Le paysage politique bruxellois fait face à d’importants défis alors que la nouvelle session parlementaire approche, prévue pour débuter lors de la troisième semaine de septembre. Les tensions sont déjà vives, notamment en raison des commentaires de Georges-Louis Bouchez, président du Mouvement Réformateur (MR), qui a ciblé Lotfi Mostefa, membre de la société régionale de logement bruxelloise, l’Anderlechtse Haard. Bouchez soutient que la récente réélection de Mostefa, malgré une enquête en cours par une commission parlementaire, est inacceptable. Il exige la démission de Mostefa, la reliant à une décision de financement critique de 133 millions d’euros pour la Société de Logement Régionale de Bruxelles (BGHM). La position de Bouchez vise à traiter les complexités financières entourant le logement social, une question clé pour le Parti Socialiste (PS).

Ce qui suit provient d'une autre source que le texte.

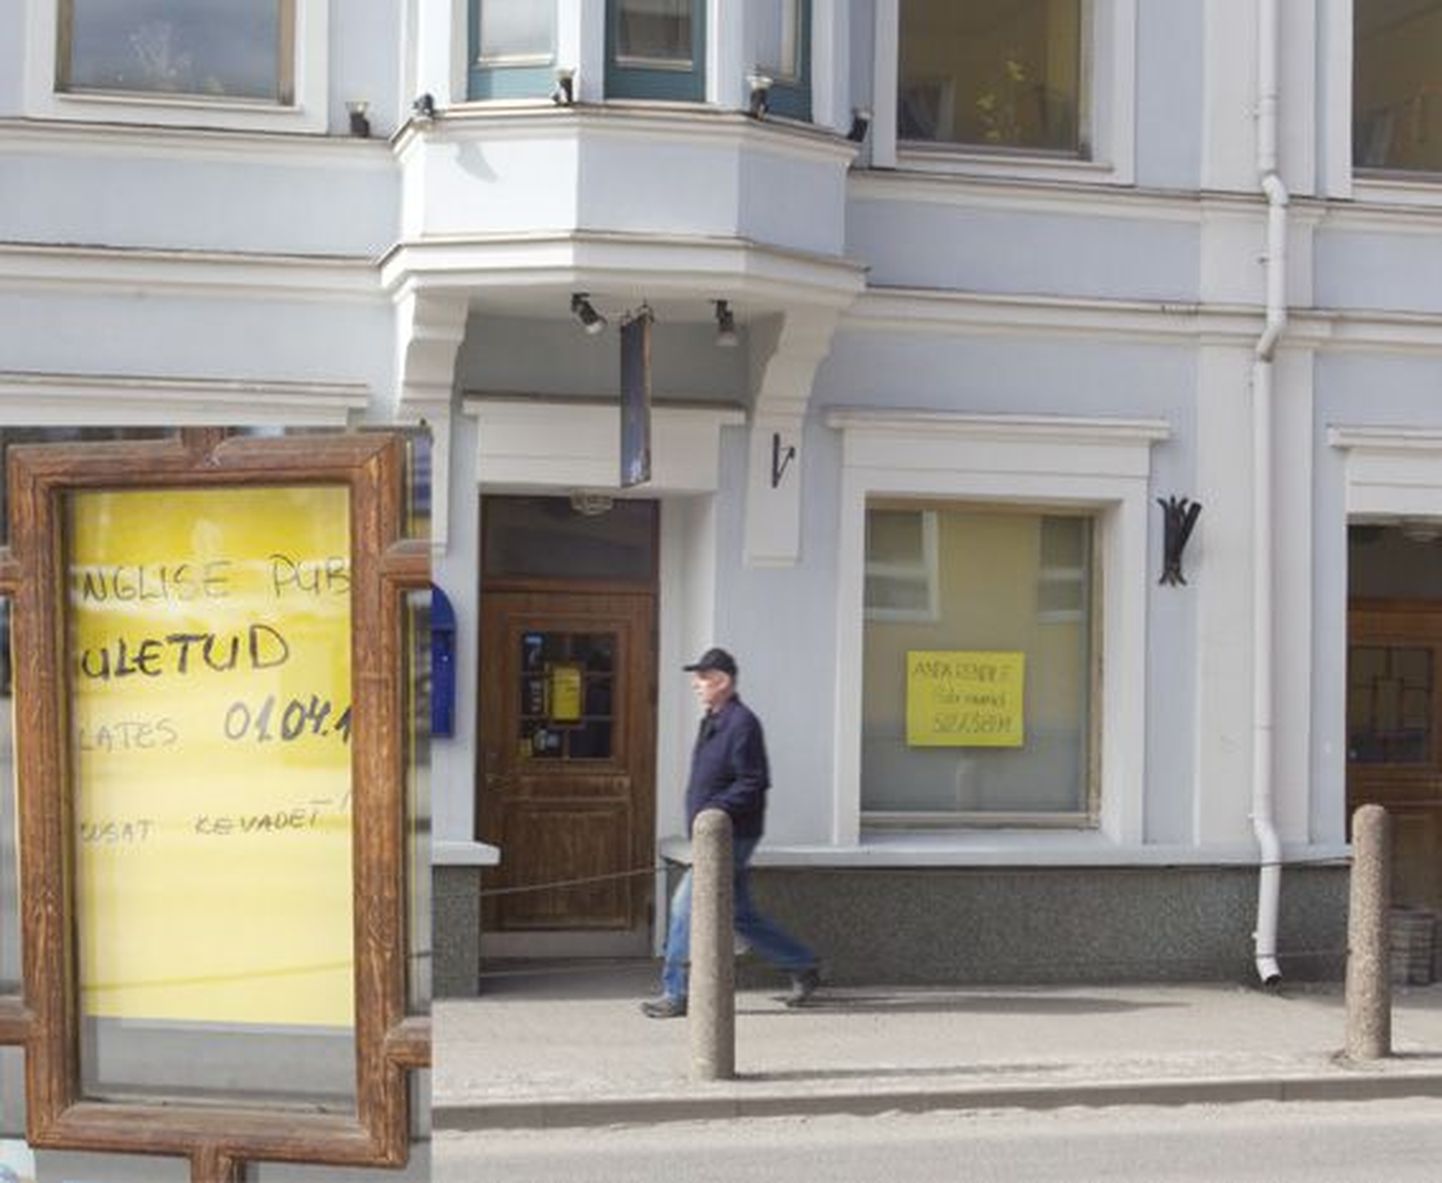 Tallinna tänaval asuv Inglise pubi.

Malgré les espoirs au sein du gouvernement bruxellois que la tempête entourant l’Anderlechtse Haard se calmerait après l’enquête parlementaire, les tensions n’ont pas diminué. Le PS a répondu non pas directement à la question du logement, mais plutôt à la violence persistante liée au trafic de drogue. Des responsables clés, dont le maire Philippe Close, le parlementaire Ridouane Chahid et le ministre Ahmed Laaouej, ont accusé le port d’Anvers de faciliter l’entrée d’armes et de drogues en Belgique, contribuant ainsi à l’augmentation de la violence à Bruxelles. Leurs déclarations suggèrent que le gouvernement fédéral n’a pas renforcé les contrôles au port en raison de préoccupations économiques.
Alors que le gouvernement fédéral lutte avec un défi budgétaire énorme — étant donné qu’il doit identifier 10 milliards d’euros par le biais de mesures d’austérité ou de taxes — les spéculations sur la stabilité du gouvernement s’intensifient. La Région de Bruxelles-Capitale est également sous surveillance, faisant face à un déficit budgétaire de 719 millions d’euros. Cela augmente la probabilité de coupes significatives dans les dépenses bruxelloises, aggravant des réductions antérieures qui ont déjà commencé à affecter le tissu social de la région.
Même à Bruxelles, des coupes substantielles doivent être effectuées dans les dépenses.
Alors que le gouvernement bruxellois se prépare pour une réunion budgétaire début octobre, la situation concernant les investissements régionaux, en particulier les fonds gelés pour la BGHM, reste incertaine. La pression du MR pour le départ de Mostefa complique les choses, surtout étant donné qu’il est soutenu par le PS, qui n’a montré aucune intention de céder. Si les fonds d’investissement restent bloqués, le risque d’insolvabilité pour la BGHM croît, impactant in fine les locataires de logements sociaux.
Avec un paysage politique complexe en cours de développement, il reste à voir comment le PS et le MR navigueront à travers ces défis dans les semaines à venir.